Getting weird output when using OpenACC parallelization

Hello,

There is a loop in my code which is structured as such:

 !$acc parallel loop gang vector collapse(3) &
    !$acc& private(prim_n,g_td,tau_wall_ewm,tau_xy,tau_yz,coeff1,coeff2,dyn_visc_nj,kin_visc_nj) default(present)
    do b = 1,nblocks
       do k = 1,nkmax
          do i = 1,nimax
             if ((i .le. (ni(b))) .and. (k .le. nk(b))) then

                !$acc loop seq
                do l = 1,10000000
                ............

The code runs fine, does not crash, and seems to give a pretty close answer to what I need, but when outputting one of the output variables of the loop, I see something weird.

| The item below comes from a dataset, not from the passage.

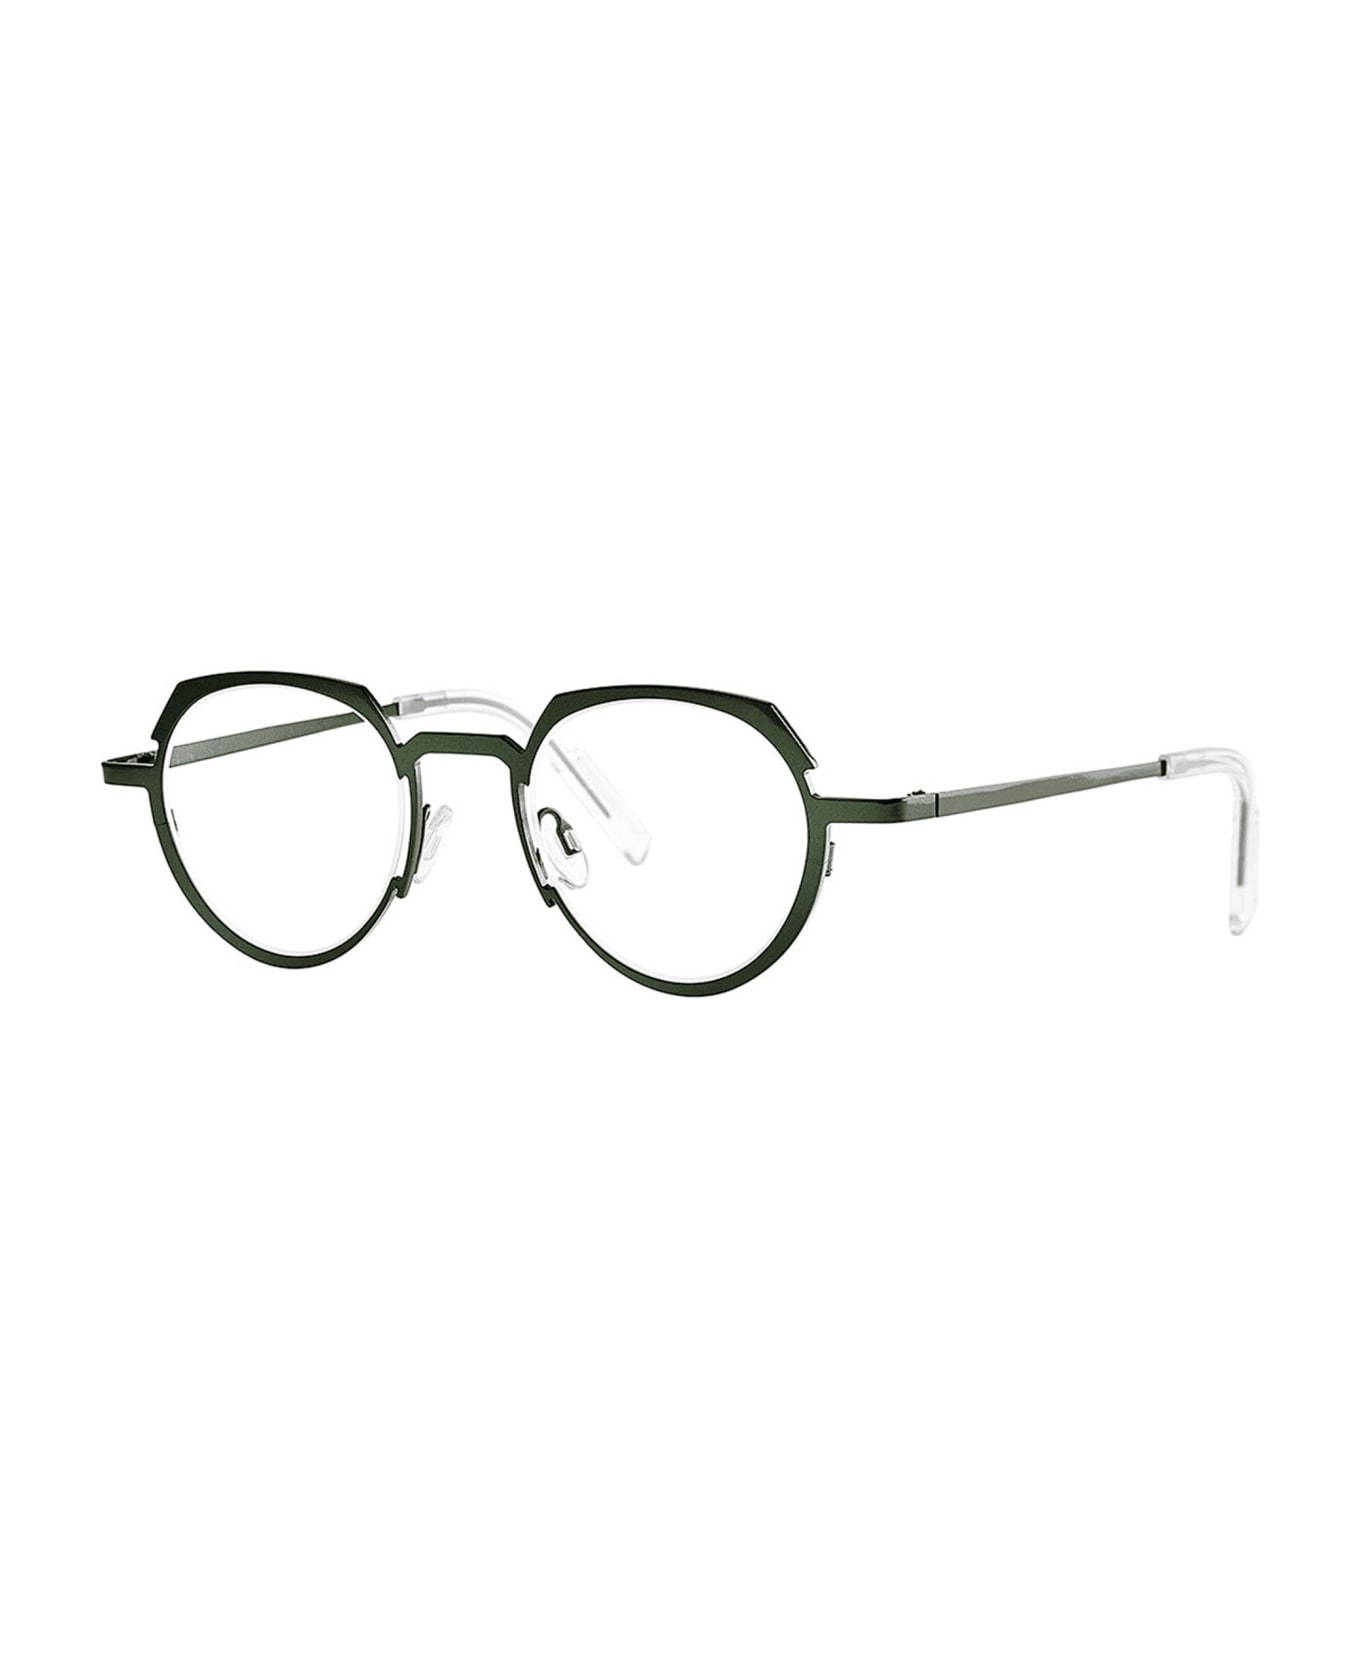 Theo Eyewear Receiver - 508 Sanremo Green Rx Glasses - green アイウェア

For comparison, I will attach what is outputted when running this loop only on the host: Imgur: The magic of the Internet

When parallelized, I get something like this: Imgur: The magic of the Internet

I am not sure why this is. I tried making a bunch of different variables needed in the loop private, but this did not seem to work. I am compiling the code with -minfo=accel and I do not see any alert telling me I need to privatize some other variable.

Does anyone know why this may be happening? My code is rather large so I would be happy to provide it over email for further inspection. Thanks in advance.

I just found where the issue was. There was a scalar that I thought was private by default but I actually had to make private manually. The compiler did not tell me this so I am wondering if it is an outstanding issue.

Hi Natan,

Scalars are private by default, but there are exceptions. Mostly when the scalar has or potentially has a global reference such as being a module variable, or passed into a device subroutine (Fortran uses pass by reference unless the “value” attribute is added to the variables declaration in the subroutine). Also, if the scalar is put in a data clause, including a “declare” directive, then it becomes shared and not private by default.

Are any of these cases applicable to this scalar?

-Mat

1 Like

Hi Mat,

Yes, they were global scalars. So I guess that’s the reason. Thanks.